§ TASK OBJECTIVE
Could you set down exactly the lines of the data below, starting at the one that holds "Hal's Harley-Davidson New" and ending at the one that holds "Minichamps 100 020008", both included, and only those?

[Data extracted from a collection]
┌──
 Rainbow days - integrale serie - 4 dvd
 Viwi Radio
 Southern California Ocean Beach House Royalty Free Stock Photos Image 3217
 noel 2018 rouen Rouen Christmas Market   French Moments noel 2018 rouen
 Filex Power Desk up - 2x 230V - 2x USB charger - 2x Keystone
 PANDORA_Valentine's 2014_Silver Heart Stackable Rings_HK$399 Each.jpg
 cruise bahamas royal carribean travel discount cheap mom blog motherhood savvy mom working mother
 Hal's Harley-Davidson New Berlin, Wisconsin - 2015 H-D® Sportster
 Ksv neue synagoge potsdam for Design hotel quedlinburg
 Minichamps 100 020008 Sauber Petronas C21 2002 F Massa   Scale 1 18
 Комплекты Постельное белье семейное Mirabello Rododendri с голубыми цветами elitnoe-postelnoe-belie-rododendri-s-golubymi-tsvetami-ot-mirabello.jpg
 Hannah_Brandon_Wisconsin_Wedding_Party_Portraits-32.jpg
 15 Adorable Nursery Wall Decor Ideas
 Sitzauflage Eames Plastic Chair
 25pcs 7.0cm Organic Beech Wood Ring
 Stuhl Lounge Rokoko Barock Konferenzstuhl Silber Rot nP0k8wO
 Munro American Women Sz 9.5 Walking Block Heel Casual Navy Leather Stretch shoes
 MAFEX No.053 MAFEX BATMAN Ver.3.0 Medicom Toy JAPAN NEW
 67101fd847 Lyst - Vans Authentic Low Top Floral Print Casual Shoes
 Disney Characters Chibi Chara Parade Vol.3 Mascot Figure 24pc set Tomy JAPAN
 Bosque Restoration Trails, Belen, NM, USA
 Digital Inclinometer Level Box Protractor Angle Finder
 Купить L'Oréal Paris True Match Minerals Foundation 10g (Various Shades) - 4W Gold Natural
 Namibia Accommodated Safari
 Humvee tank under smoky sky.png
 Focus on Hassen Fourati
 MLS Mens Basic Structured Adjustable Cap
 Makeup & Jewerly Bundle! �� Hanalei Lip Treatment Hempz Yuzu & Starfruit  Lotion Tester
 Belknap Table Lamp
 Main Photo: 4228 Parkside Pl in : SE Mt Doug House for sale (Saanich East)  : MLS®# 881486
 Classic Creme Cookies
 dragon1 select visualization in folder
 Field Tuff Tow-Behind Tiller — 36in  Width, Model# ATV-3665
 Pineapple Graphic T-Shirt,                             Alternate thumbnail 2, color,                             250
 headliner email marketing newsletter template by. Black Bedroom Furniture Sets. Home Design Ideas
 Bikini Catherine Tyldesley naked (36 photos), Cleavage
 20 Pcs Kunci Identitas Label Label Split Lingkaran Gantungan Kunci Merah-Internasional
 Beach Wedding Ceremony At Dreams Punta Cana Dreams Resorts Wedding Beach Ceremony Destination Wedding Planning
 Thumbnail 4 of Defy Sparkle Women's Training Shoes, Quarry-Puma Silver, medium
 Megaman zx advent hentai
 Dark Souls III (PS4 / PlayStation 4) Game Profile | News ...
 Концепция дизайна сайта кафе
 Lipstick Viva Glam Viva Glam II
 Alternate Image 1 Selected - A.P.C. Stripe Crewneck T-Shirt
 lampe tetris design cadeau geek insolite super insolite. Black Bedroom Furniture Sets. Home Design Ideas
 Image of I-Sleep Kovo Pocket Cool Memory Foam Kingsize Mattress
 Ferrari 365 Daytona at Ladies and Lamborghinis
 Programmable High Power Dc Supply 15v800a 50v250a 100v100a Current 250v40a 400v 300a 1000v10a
└──
§ WORKED SOLUTION
 Hal's Harley-Davidson New Berlin, Wisconsin - 2015 H-D® Sportster
 Ksv neue synagoge potsdam for Design hotel quedlinburg
 Minichamps 100 020008 Sauber Petronas C21 2002 F Massa   Scale 1 18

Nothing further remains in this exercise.